Start of Dataset content

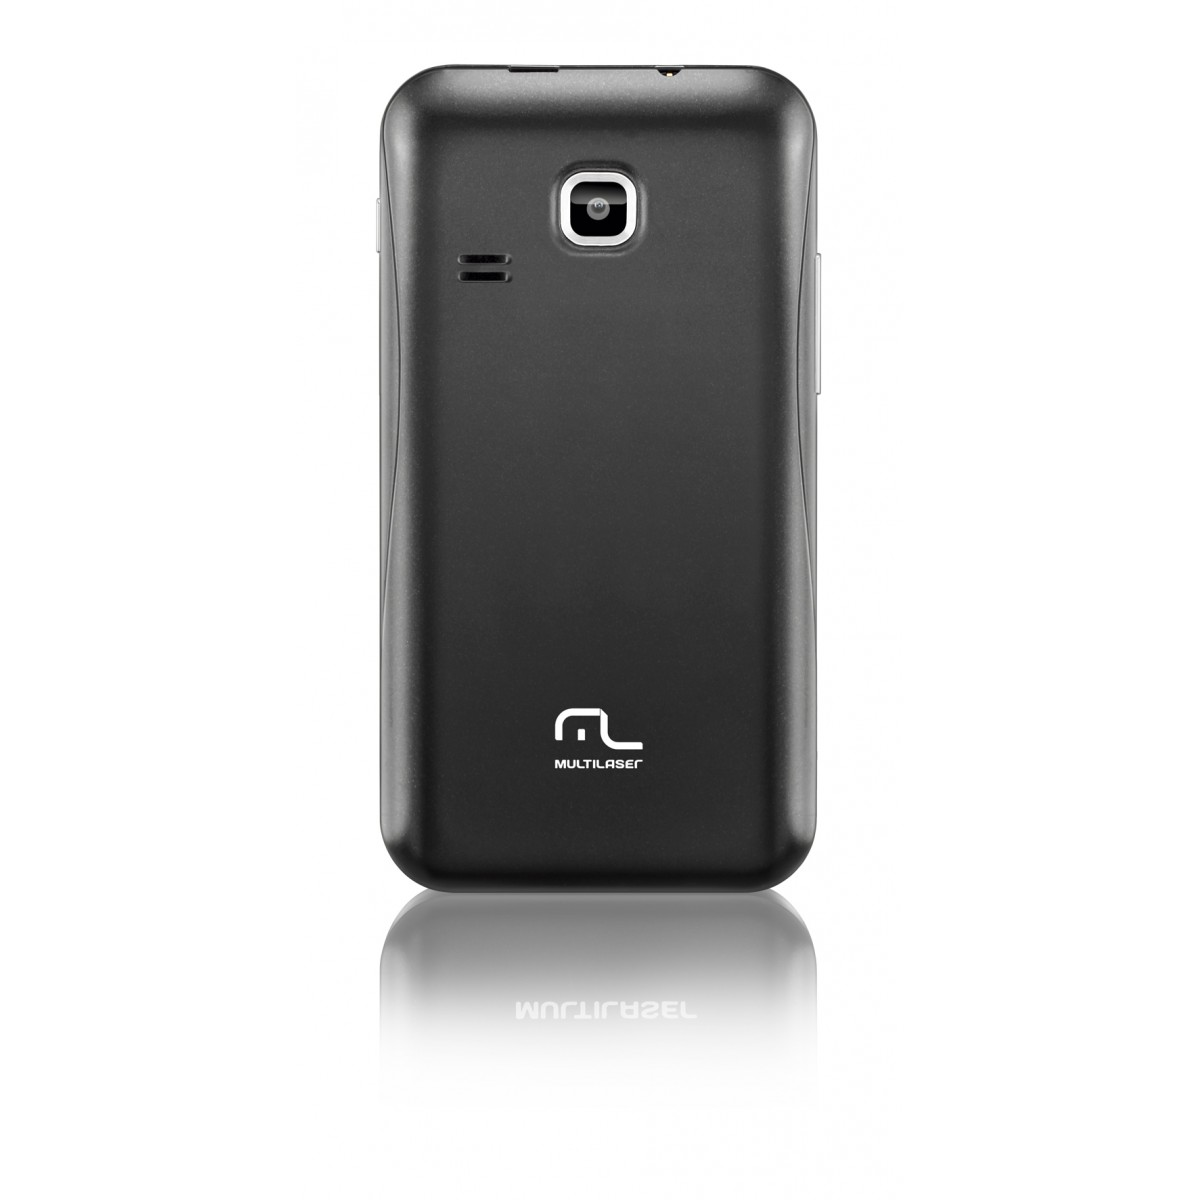 Smartphone Orion Dual Chip P3181 3G Android 2.3 Tela de 3.5 - Multilaser
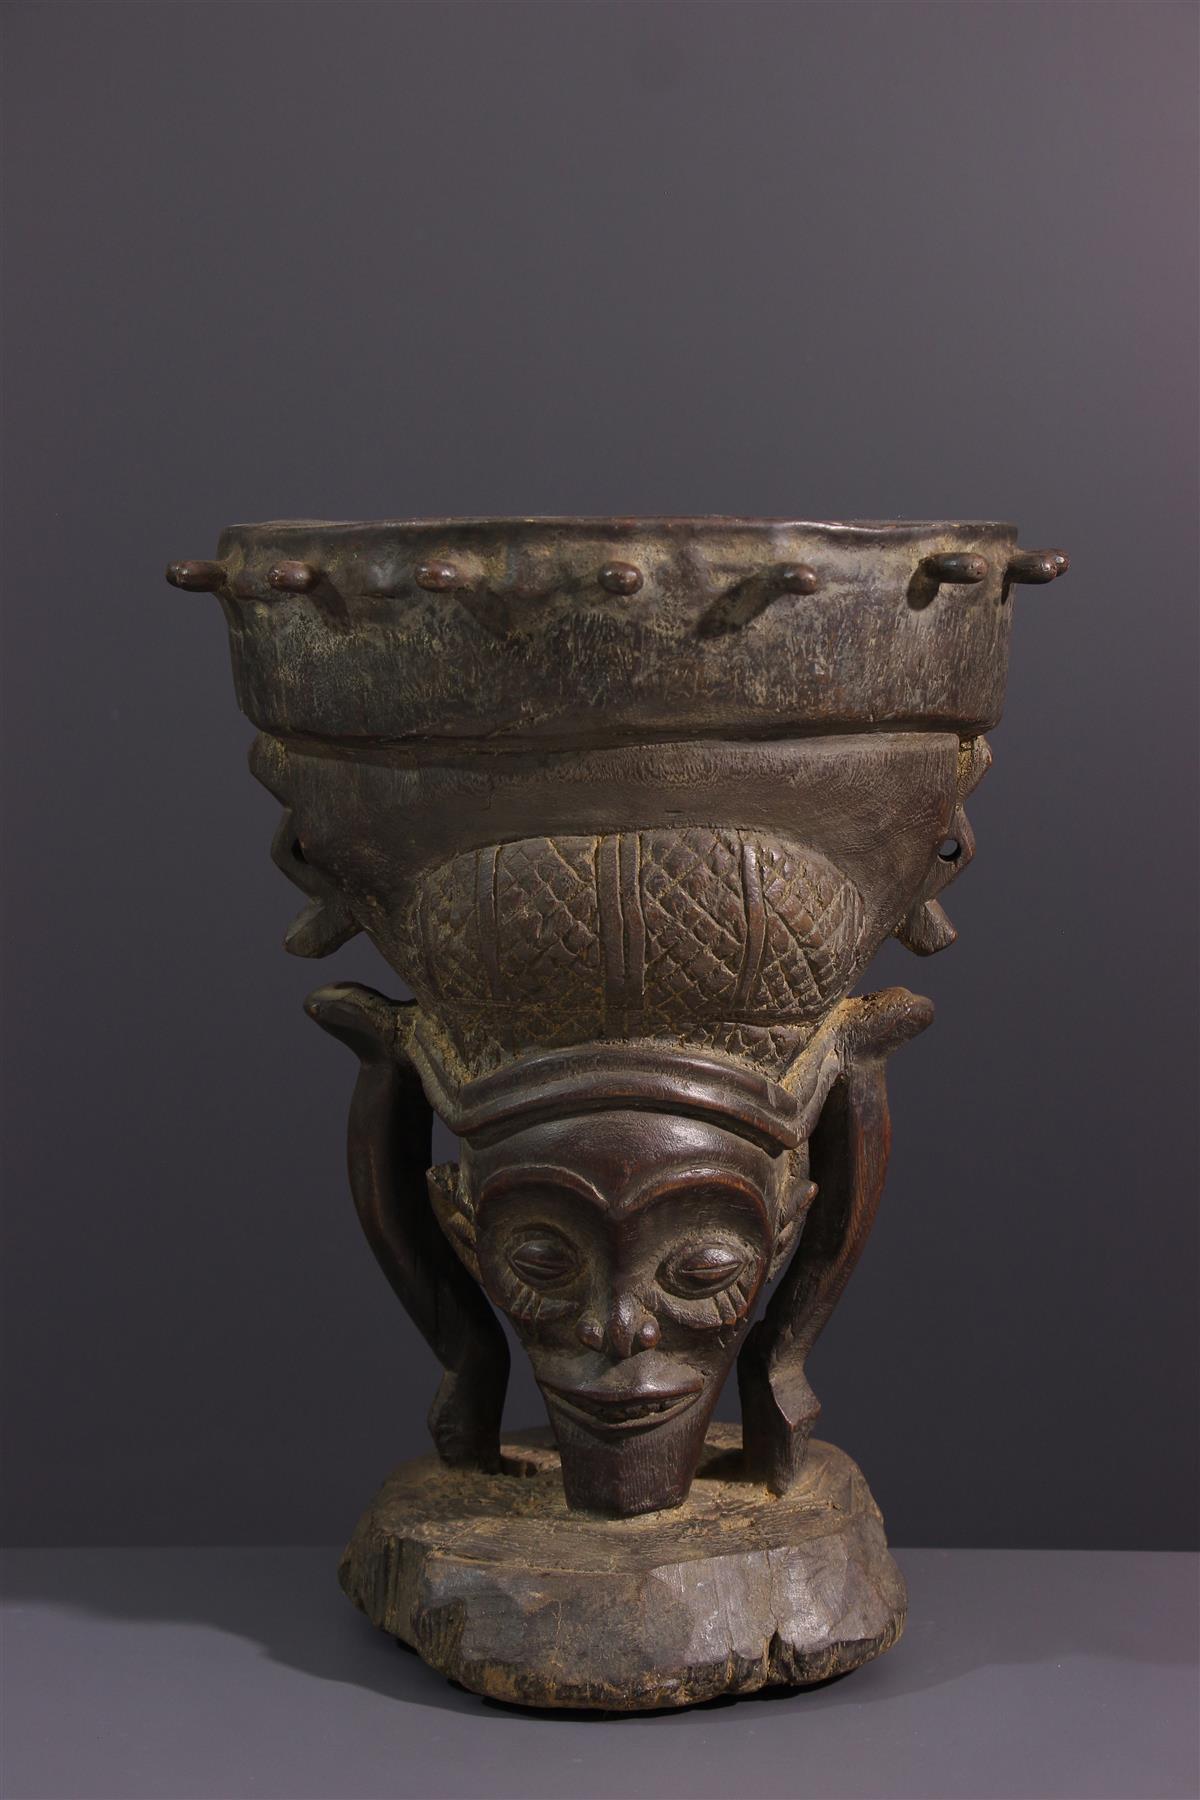 Chokwe Drum - African art
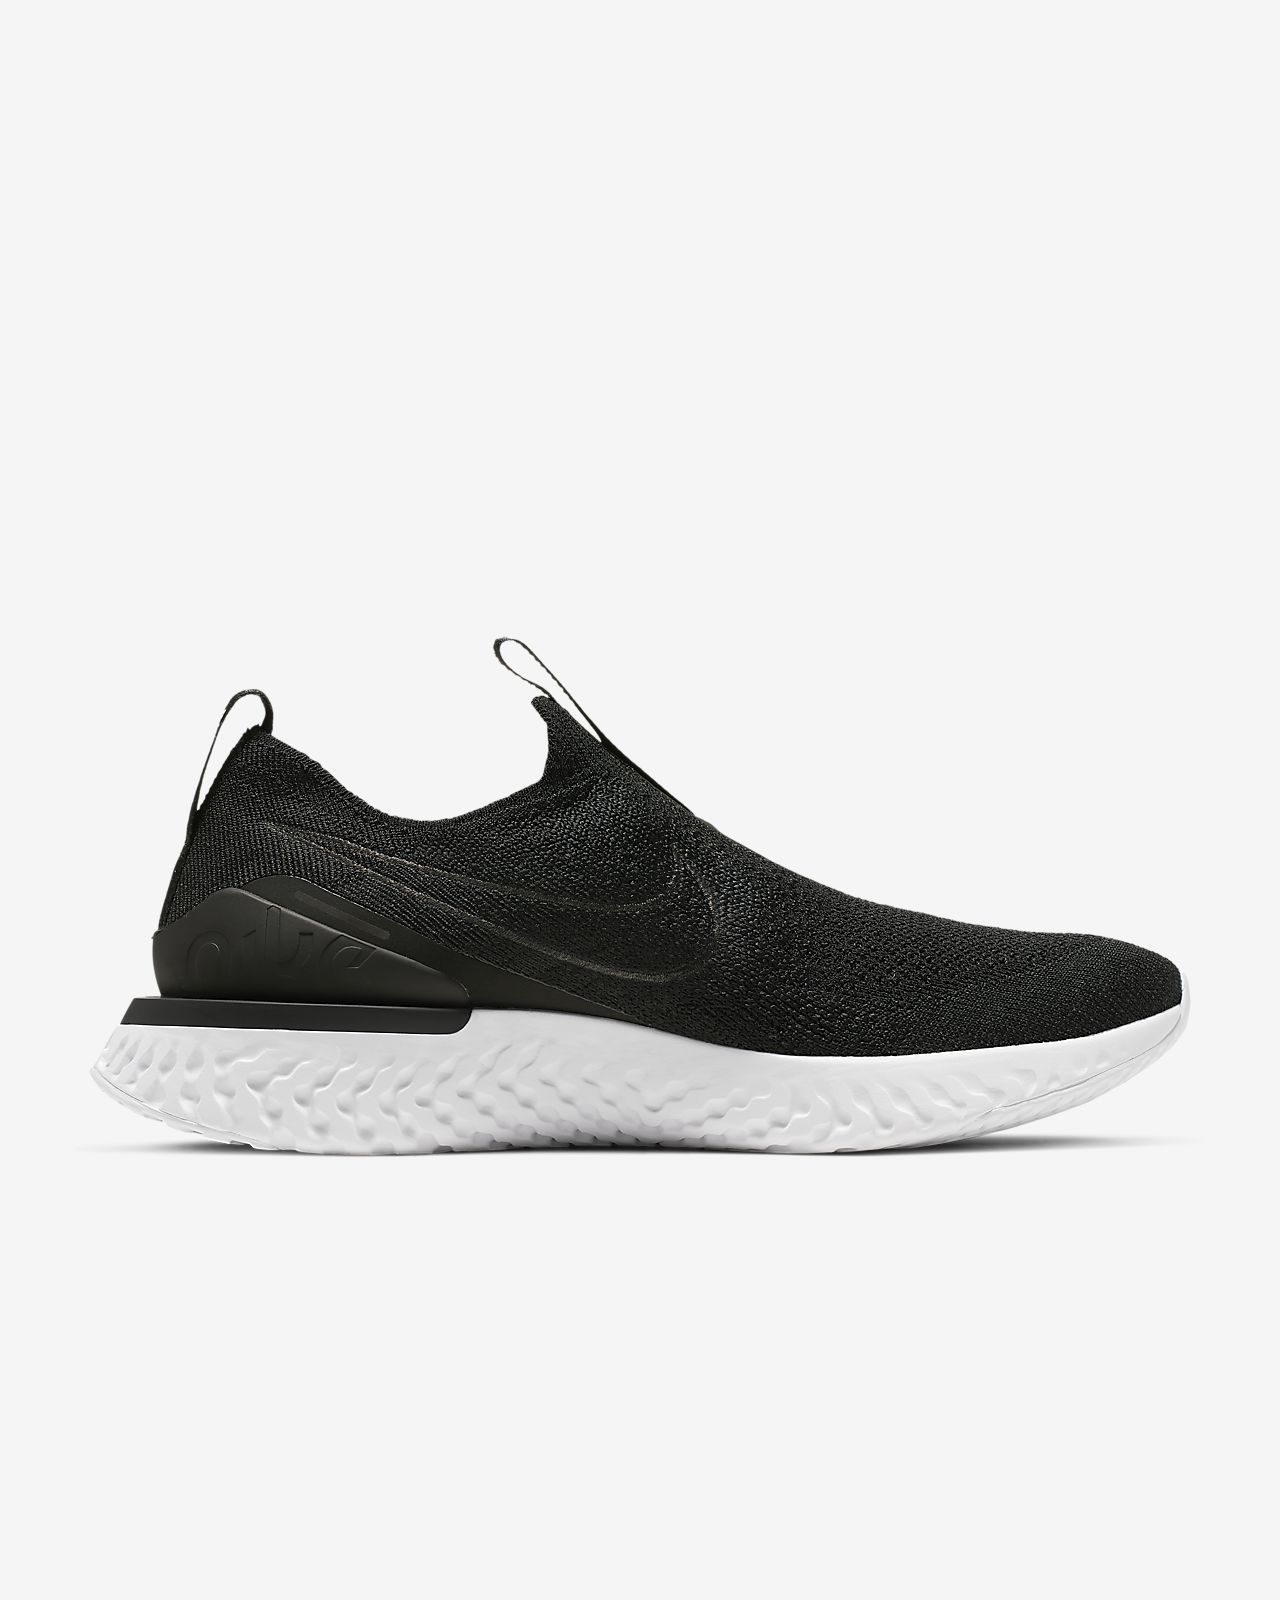 new style d0945 5cd1c ... Chaussure de running Nike Epic Phantom React Flyknit pour Femme

End of Dataset content

What you give back must match the material above exactly, minus its pictures.

• _Solved exercise_:
 Smartphone Orion Dual Chip P3181 3G Android 2.3 Tela de 3.5 - Multilaser
 Chokwe Drum - African art
 new style d0945 5cd1c ... Chaussure de running Nike Epic Phantom React Flyknit pour Femme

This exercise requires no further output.